Copy out the data from the line containing "2011 Regional Transportation" to its last line, exactly. No pictures.

Data:

....

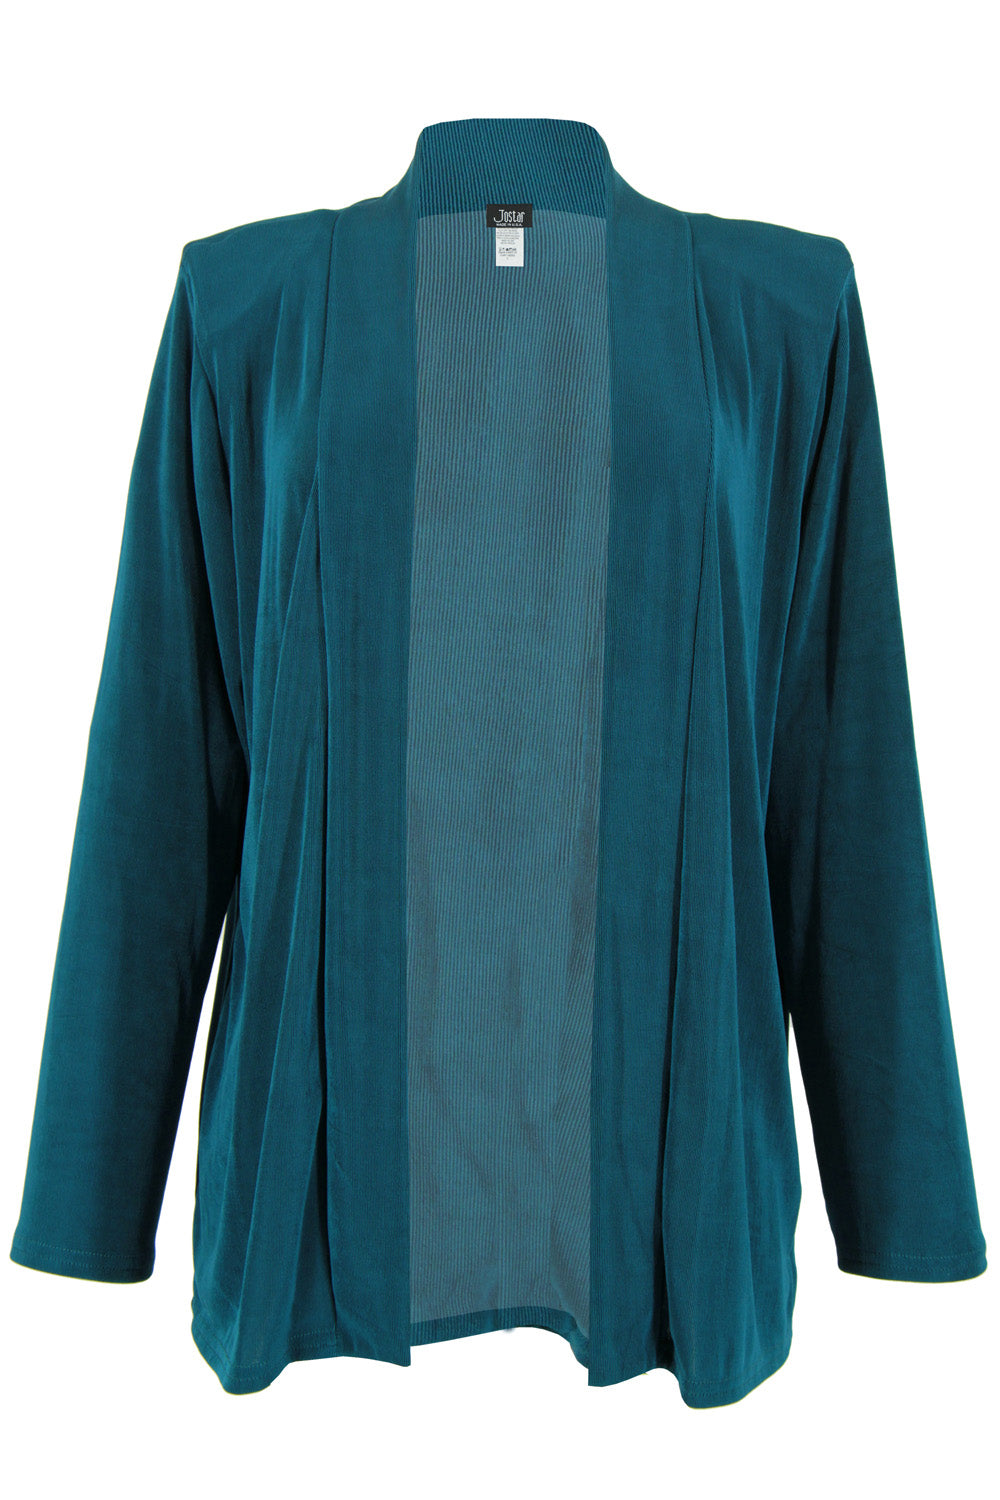 Jostar Women's Non Iron Drape Jacket Long Sleeve, 400AY-L - Jostar Online
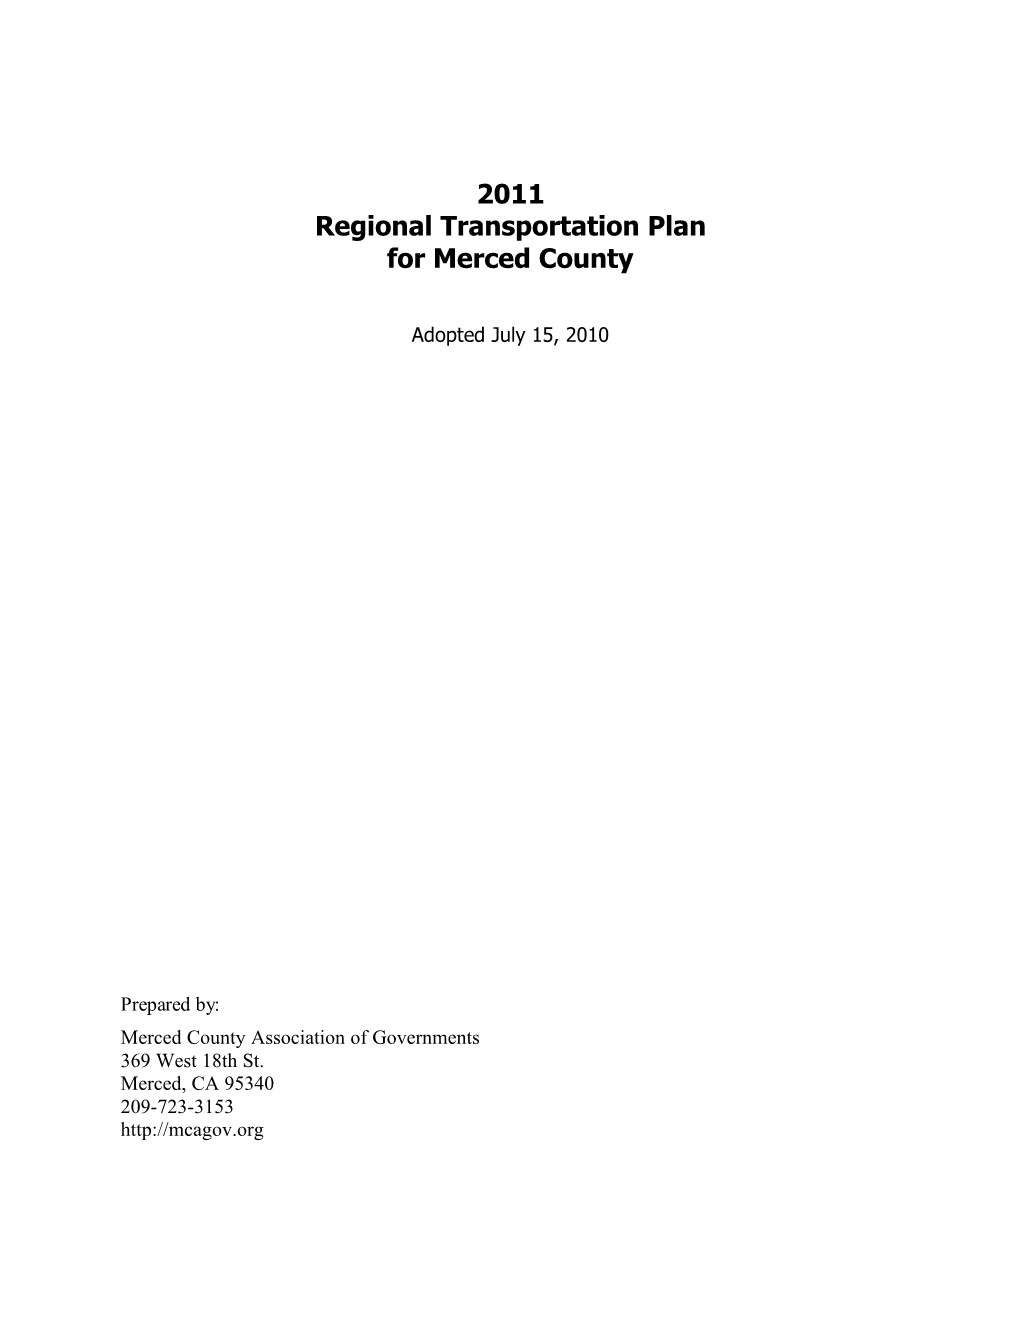 2011 Regional Transportation Plan for Merced County
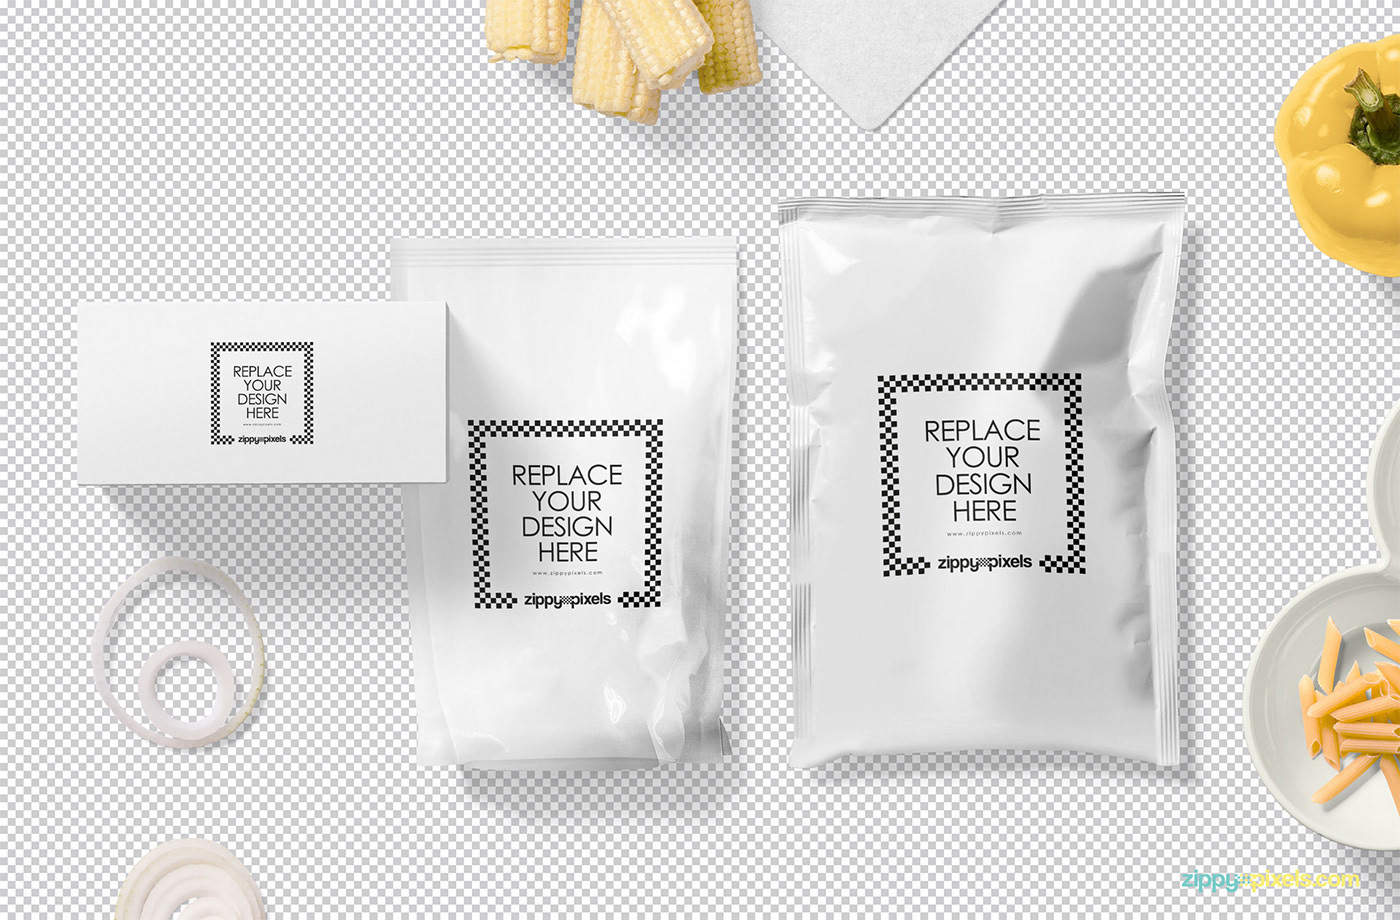 Free Food Packaging Mockup PSD on Behance

....

Exercise solution:
 2011 Regional Transportation Plan for Merced County
 Free Food Packaging Mockup PSD on Behance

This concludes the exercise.